Batch queue limits. TACC batch queue policies limit jobs to 32 GPU’s, even though there are 128 total GPU’s in the current system. Clearly, running jobs on 128 GPU’s would improve throughput by about 4X, as Parallel2 computing scales linearly with the number of GPU’s.
GPU limits. Stampede contains 128 GPU’s. There are systems available with hundreds to thousands of GPU’s. With Parallel2 computing, simply scaling up the number of GPU’s beyond 128 would increase performance substantially.
Busy system. Stampede is a busy machine with the GPU batch queues mostly fully occupied. There are typical wait times of several hours between job runs. If one had a dedicated GPU cluster, Parallel2 jobs could run sequentially, back-to-back with no delays between jobs, thus improving overall throughput.

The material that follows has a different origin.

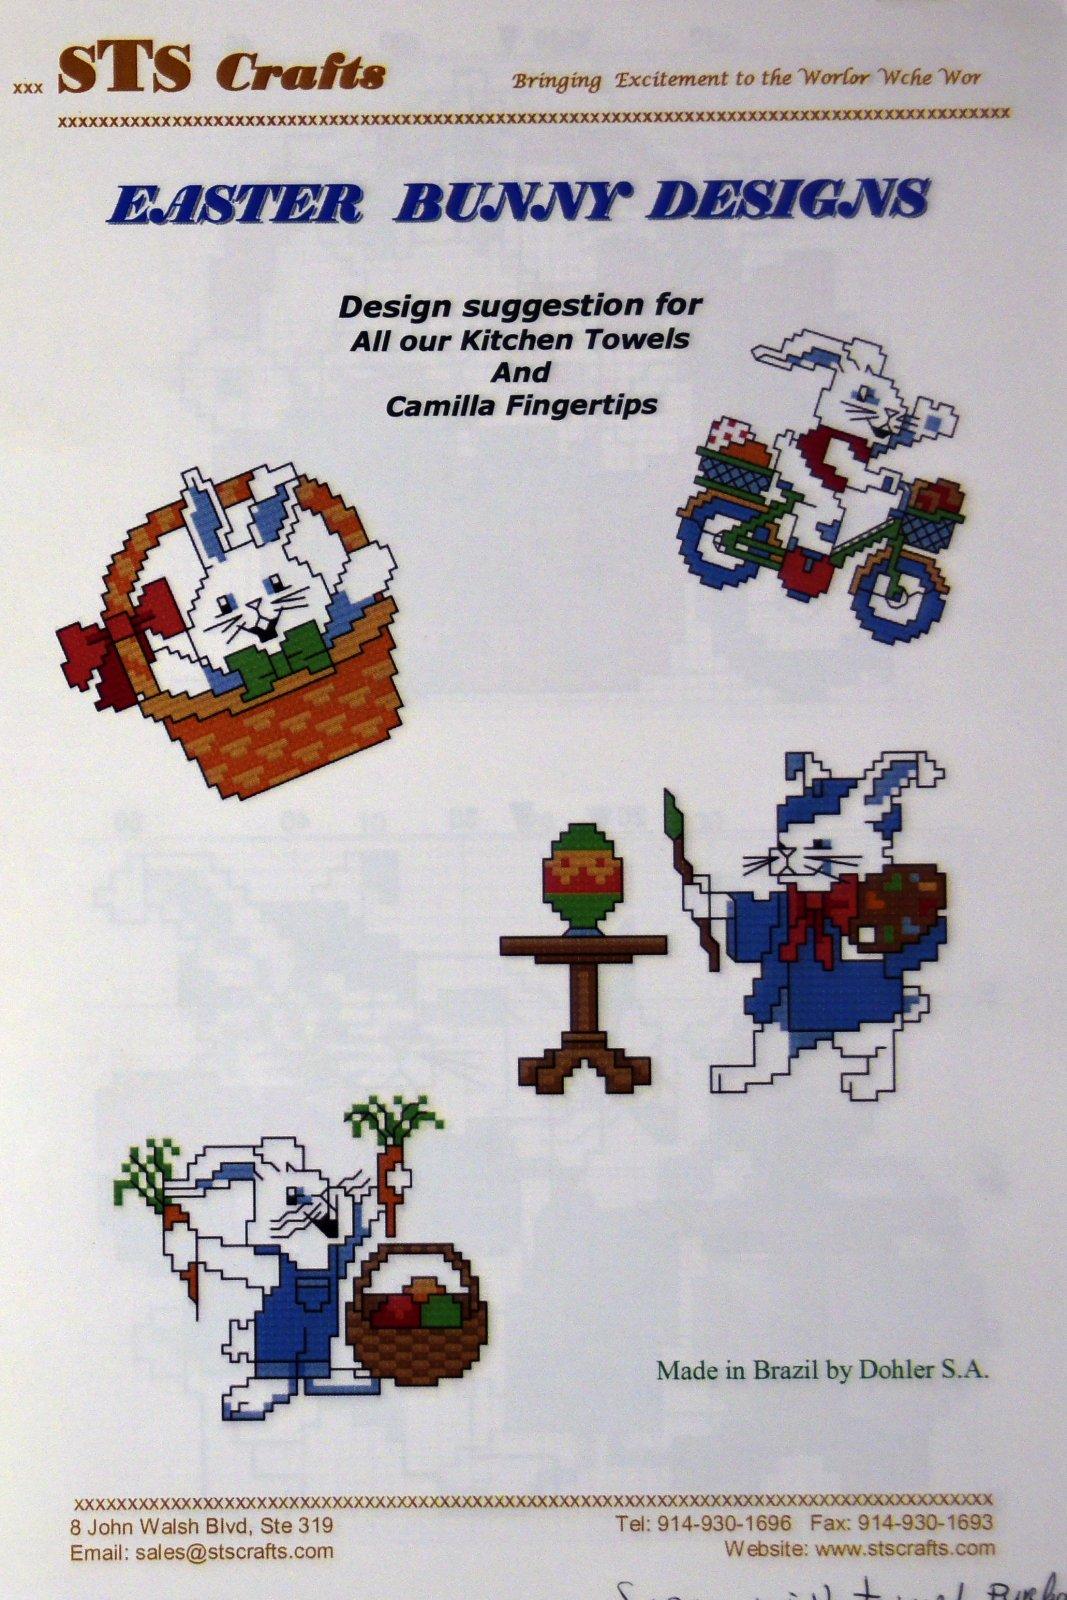 Easter Bunny Designs
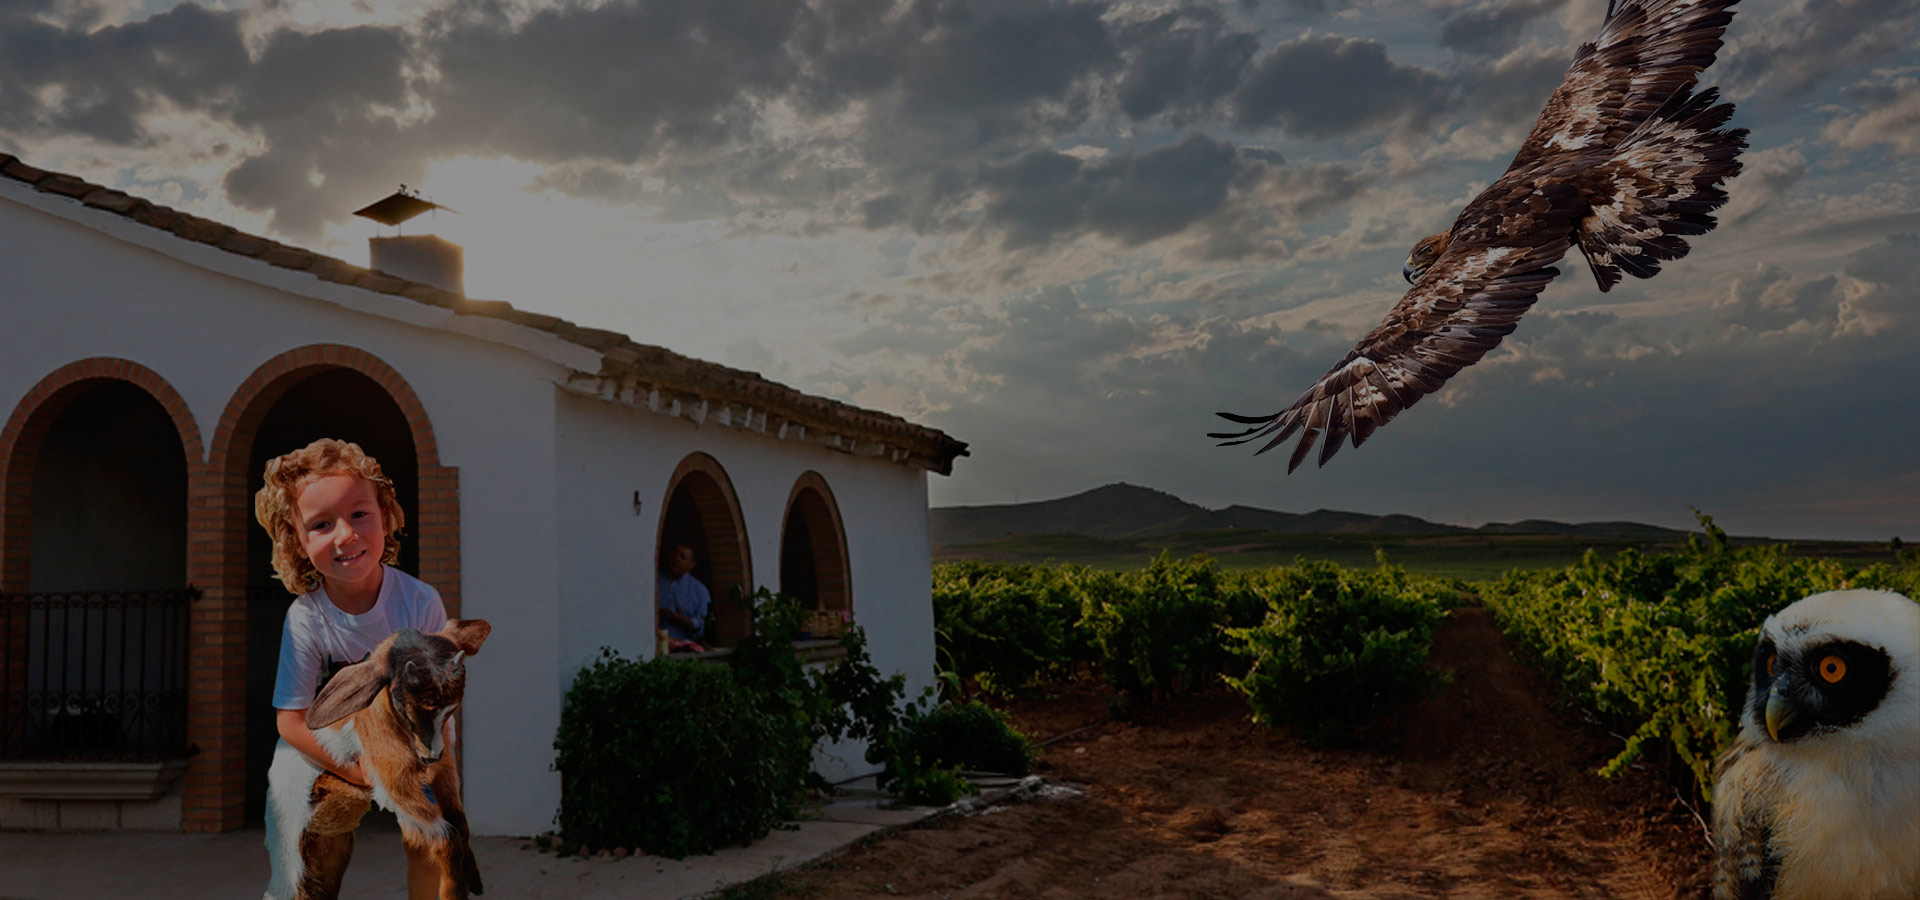 Fin de Semana en La Rioja con Cata Rapaz. Tierra Rapaz + Cata de Vino + Hotel

The Parallel2 computing method enables population scale sequence alignments on NextGen Sequencing datasets. We could eliminate performance bottlenecks with a dedicated purpose-built Pascal GPU cluster running the NVBIO suite. Application and job level parallelism are a powerful combination for tackling population scale NextGen Sequencing projects.